Katona and a team of researchers recently found that as the number of one’s online contacts increases, the average influential power of that individual decreases. Their results challenge the approach taken by many marketers who target people with the most online connections.
In their paper, “Network Effects and Personal Influences: Diffusion of an Online Social Network,” Katona and co-authors Miklos Sarvary, a marketing professor at INSEAD in France, and Peter Pal Zubcsek, an INSEAD PhD candidate, study influence in a major social network in Europe from its debut in 2003 until 2006.
Katona and his co-researchers analyzed how many members joined the same online social network over time, looking at the first 138,964 users. The intent was to study the site before it was advertised or received much media exposure. Consequently, membership grew entirely by word-of-mouth, with members telling friends about the site.
The study defined influence by how quickly a person got someone else to sign up as a new friend.

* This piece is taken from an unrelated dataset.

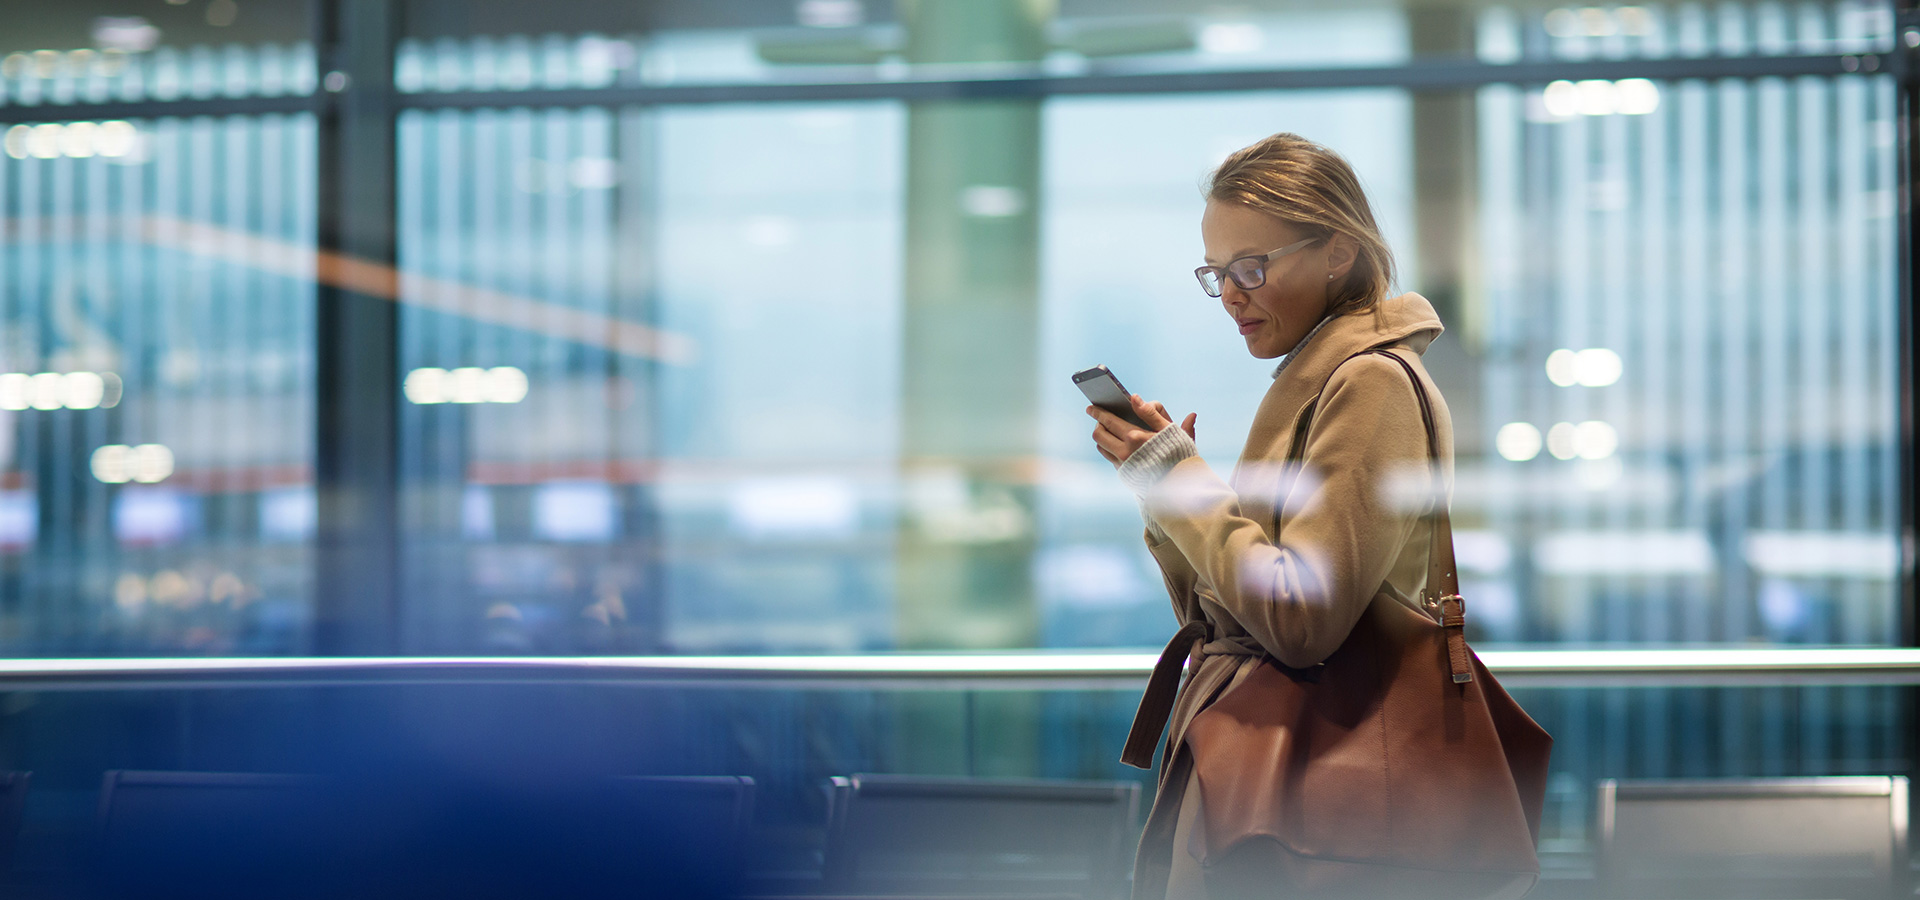 LINK Mobility - Frau am Flughafen liest eine Nachricht auf ihrem Smartphone

On average, the study found that a person with more friends has less influence. Katona says although the study could not determine the intensity of communication between members, members have limited time and therefore, as the number of friends increases, one has less time for each friend.
Of course, being able to identify the “influential” customers is a marketer’s dream. Katona found that influence is driven by a “clustering” effect in online social networks. He defined a cluster as a network of friends who actually know each other as opposed to a group who may have friends in common but do not know each other. The more friends know each other, the denser the cluster.
Katona found that the strength of relationships between a member's friends – the density of that member's cluster – correlates with the influential power of that member. In other words, influence is all about the relationship among one’s friends – not just the number of friends an individual has.
“This finding is important as it shows that beyond sheer network size, strong communities are more relevant for word-of-mouth influence,” says Katona, who noted a few implications for firms. “If a firm wants to introduce a new product or service, the best way to market it is to target influential customers. These customers might influence other’s preferences and tastes, and thus, by learning about them, the firm can design a better product.”